Studies examined 50 years of research on the effect of spanking children and found that when children are spanked, they are more likely to become more defiant. This may not come as much of a surprise to us, but it does force us to think about best practices in terms of disciplining children. Dr. Alan Kazdin is Sterling Professor of Psychology and Child Psychiatry at Yale University. He is currently emeritus and was the director of the Yale Parenting Center and Child Conduct Clinic. His research shows that it’s not just spanking that’s ineffective. Any sort of punishment, including time-outs, only leads to greater defiance. Kazdin’s method, what he calls “positive opposites,” is a little more nuanced than simple positive reinforcement, but the idea is that we can change children’s negative behaviour by focusing on the positive aspects of the behaviour.
Parashat Emor opens with an apparent redundancy. “Emor” – Say to the Kohanim, the sons of Aaron, “V’eamrata” – and say to them. Rashi notes that the double expression can be interpreted as להזהיר גדולים על הקטנים. The Kohanim were cautioned to ensure their children do not become tamei – ritually contaminated from the dead.
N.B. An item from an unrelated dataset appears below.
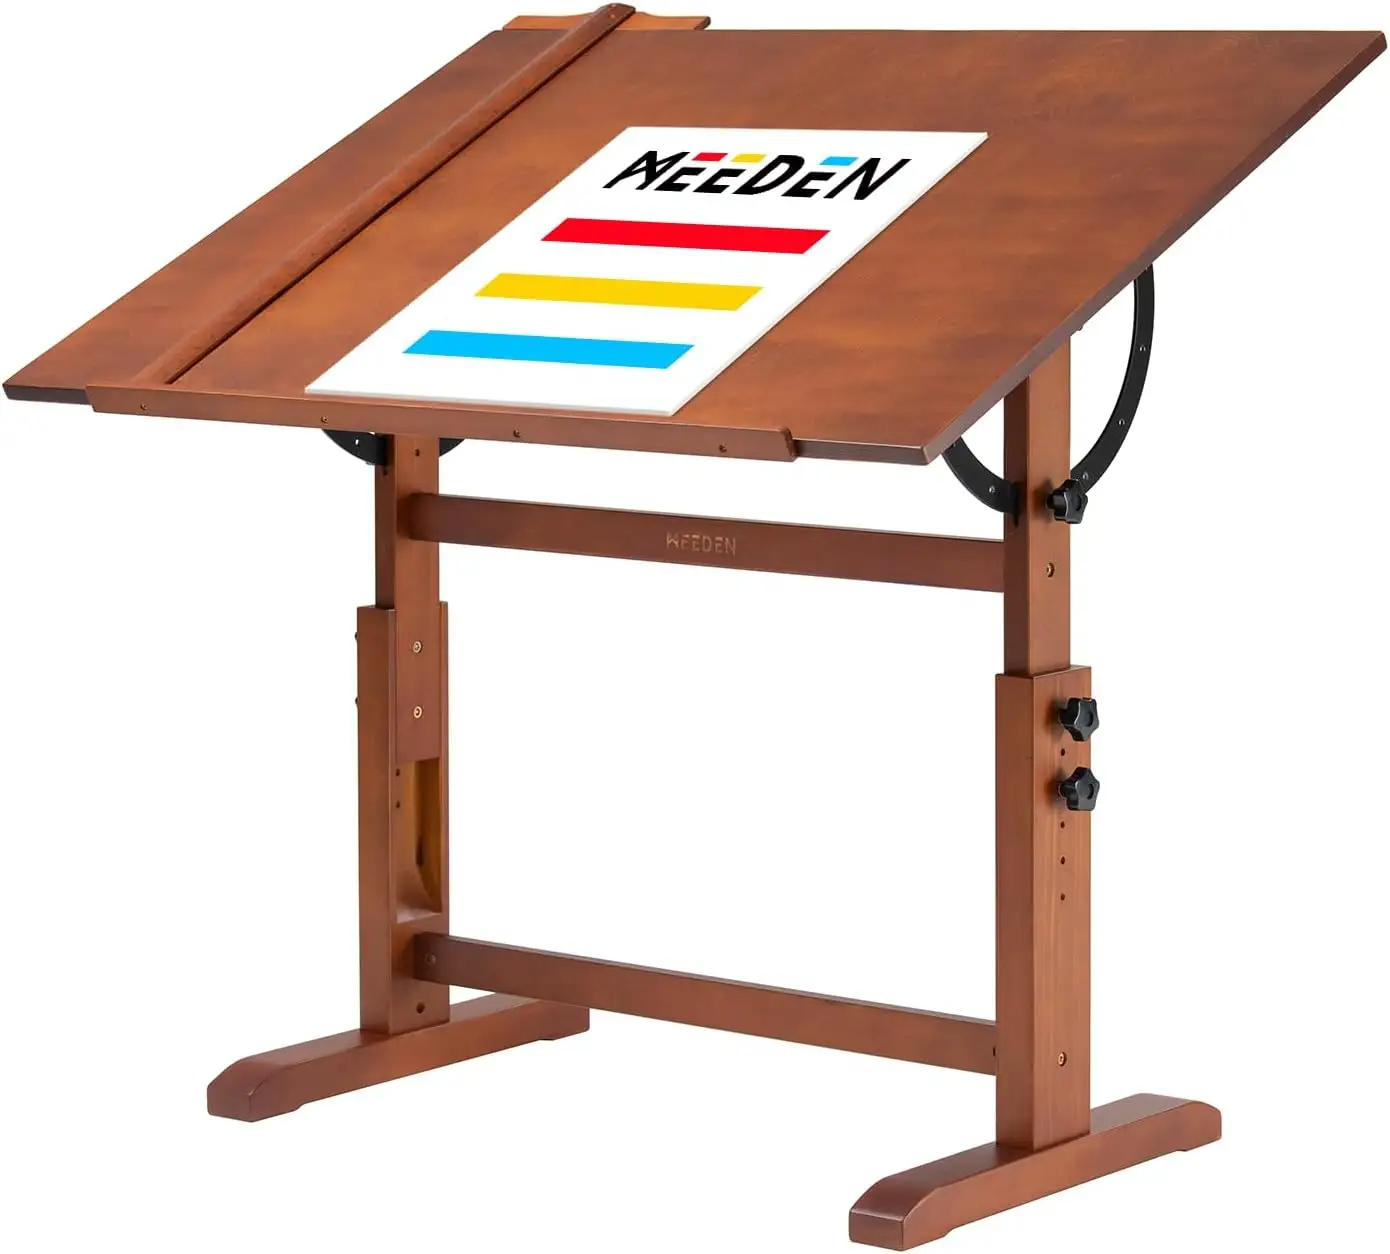 MEEDEN tavolo da disegno in legno Extra Large, tavolo da disegno artista, tavolo artigianale con altezza regolabile, inclinabile

Rabbi Moshe Feinstein says homiletically that the Torah teaches us a powerful lesson in Chinuch – education. The adults must be told to regulate their own behaviour, which will thereby influence their children. “Emor” – speak to the adults “V’eamarta” – so that their actions will “speak” to the children and they will learn by example.
There are many layers of education which include various forms of appropriate discipline. However, the first step to educating is to model appropriate behaviour. Rabbi Yaakov Yisrael Kanievsky ztz”l (father of R’ Chaim Kanievsky ztz”l) famously used to say Chinuch (education) is 50% Tefilah (prayer) and 50% being a role model.